**What the task requires**
Please give all of the data again, character for character, and drop the pictures.

─── Information supplied ───

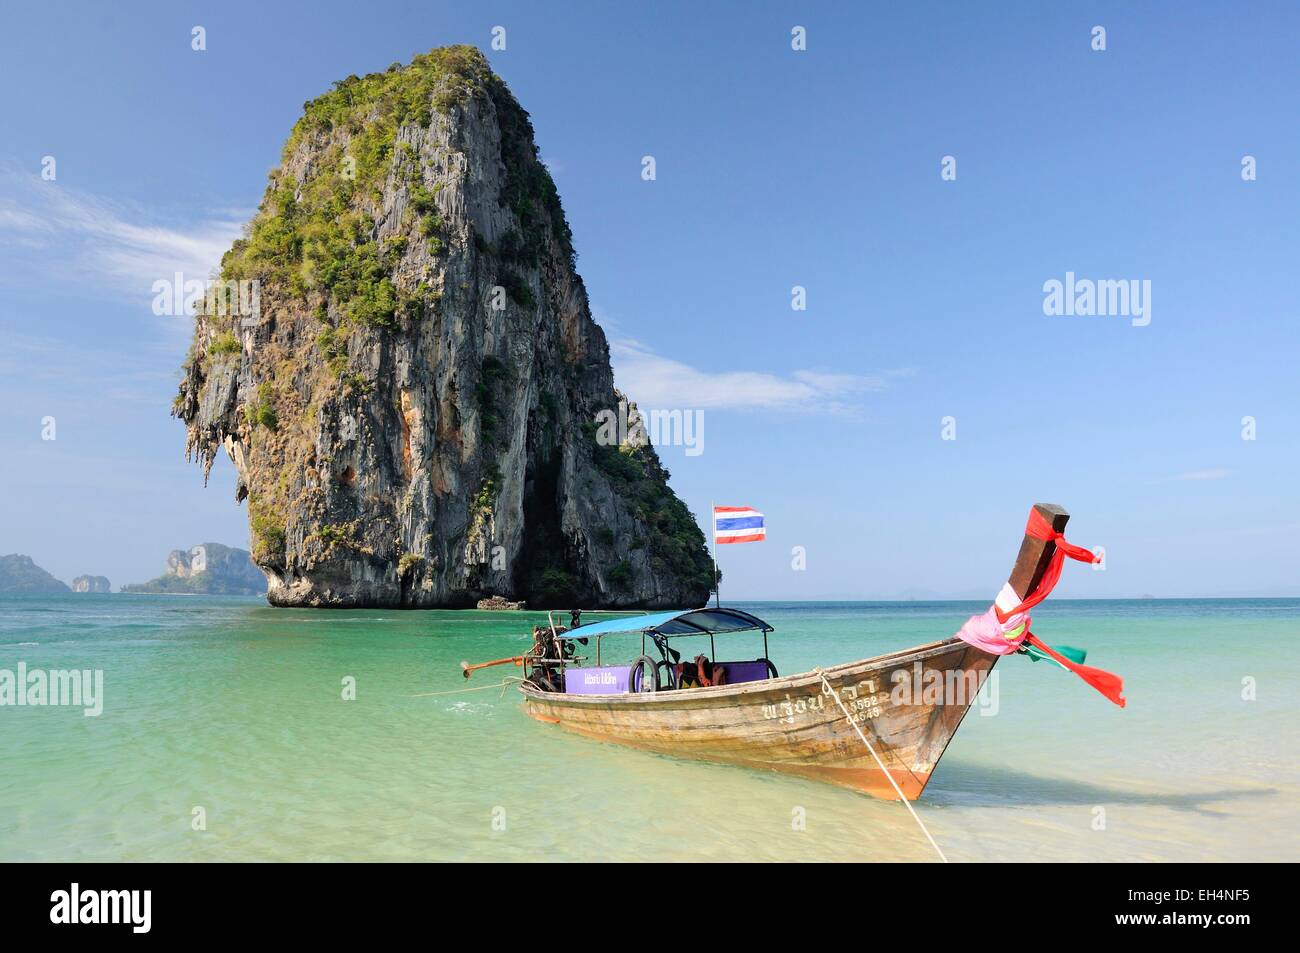 La Thaïlande, Krabi, Railay, Hat Phra Nang, une eau cristalline, bateau "long tail et karsts calcaire vue de la magnifique plage de Phra Nang Railay Banque D'Images
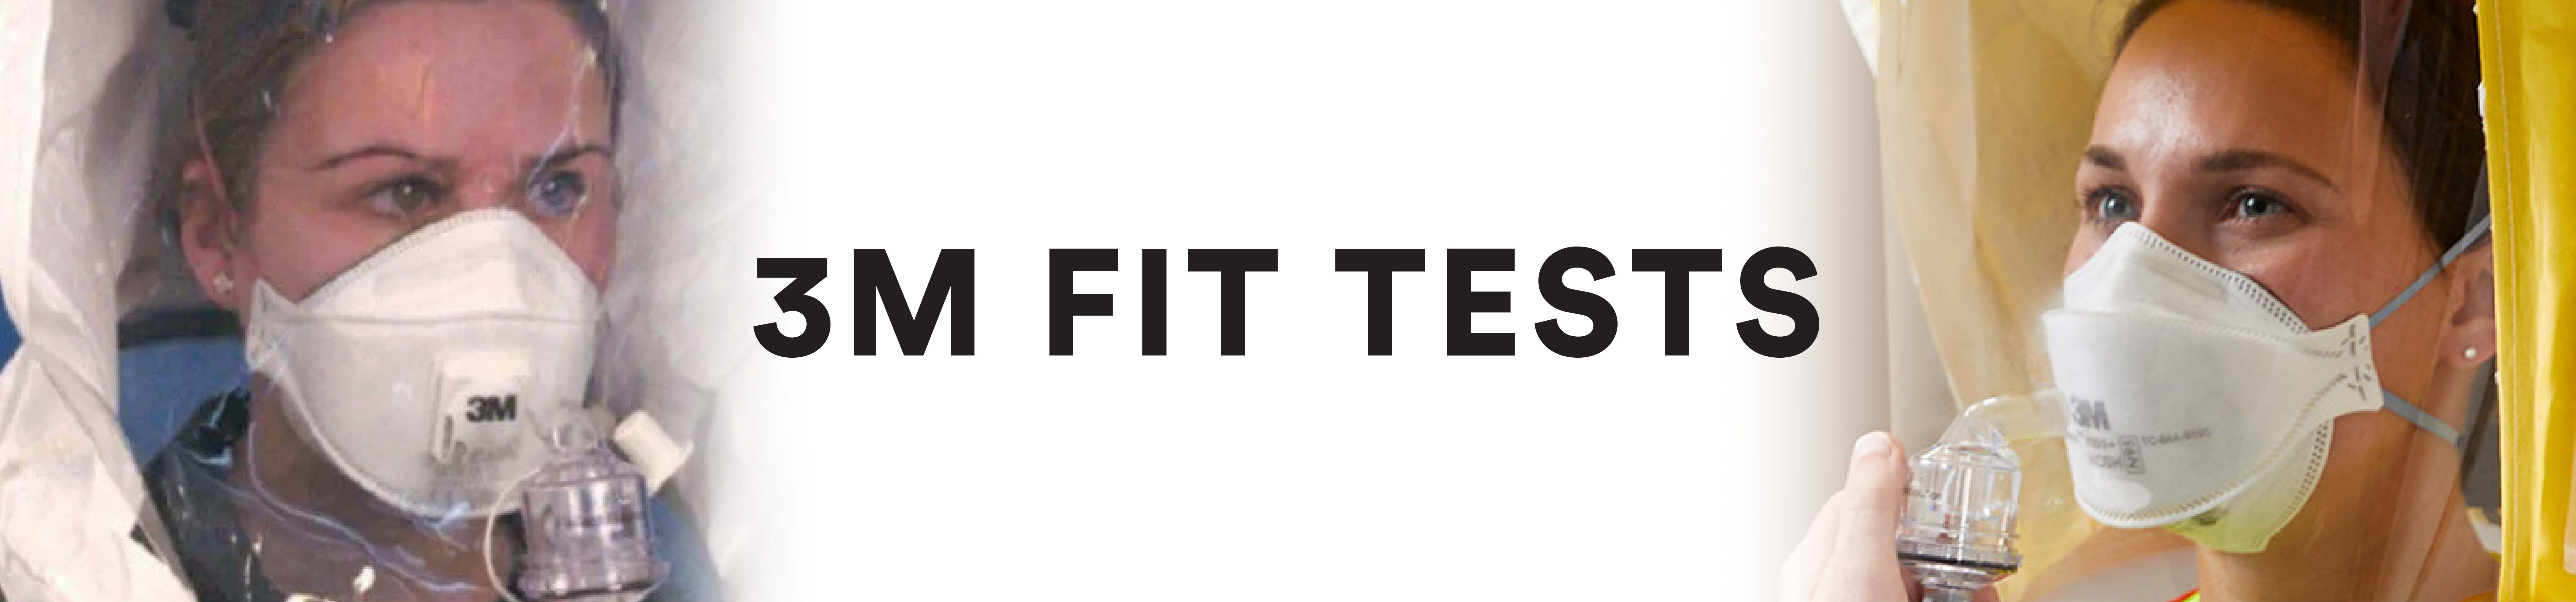 3M Fit Test Kits
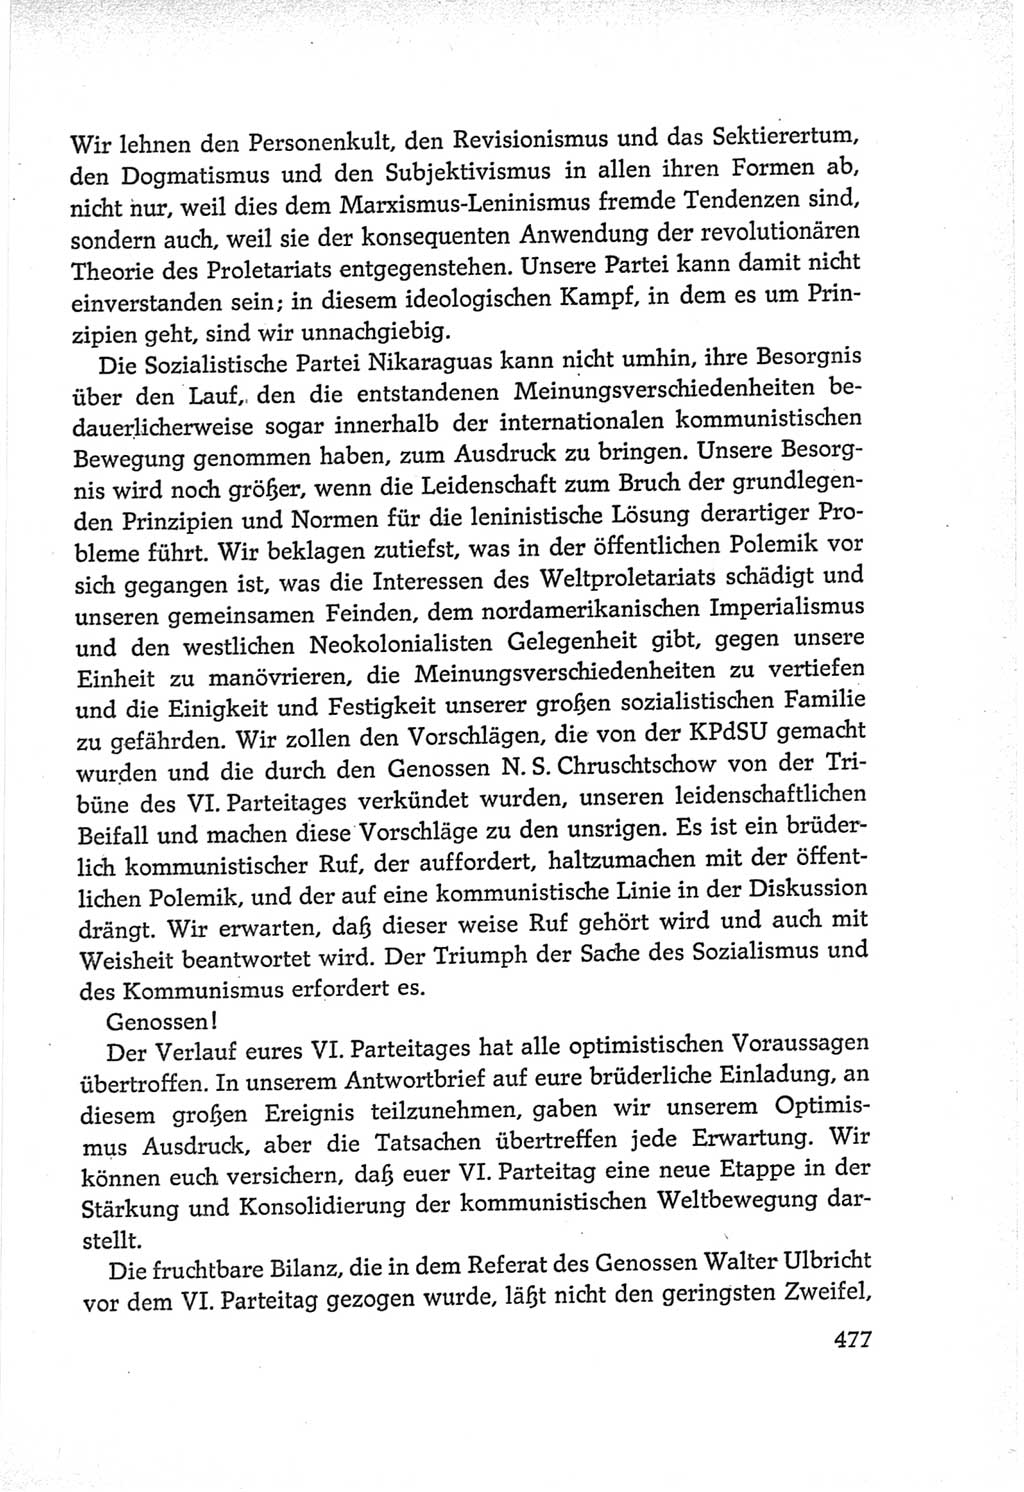 Protokoll der Verhandlungen des Ⅵ. Parteitages der Sozialistischen Einheitspartei Deutschlands (SED) [Deutsche Demokratische Republik (DDR)] 1963, Band Ⅱ, Seite 477 (Prot. Verh. Ⅵ. PT SED DDR 1963, Bd. Ⅱ, S. 477)

───

**Task answer**
 La Thaïlande, Krabi, Railay, Hat Phra Nang, une eau cristalline, bateau "long tail et karsts calcaire vue de la magnifique plage de Phra Nang Railay Banque D'Images
 3M Fit Test Kits
 Protokoll der Verhandlungen des Ⅵ. Parteitages der Sozialistischen Einheitspartei Deutschlands (SED) [Deutsche Demokratische Republik (DDR)] 1963, Band Ⅱ, Seite 477 (Prot. Verh. Ⅵ. PT SED DDR 1963, Bd. Ⅱ, S. 477)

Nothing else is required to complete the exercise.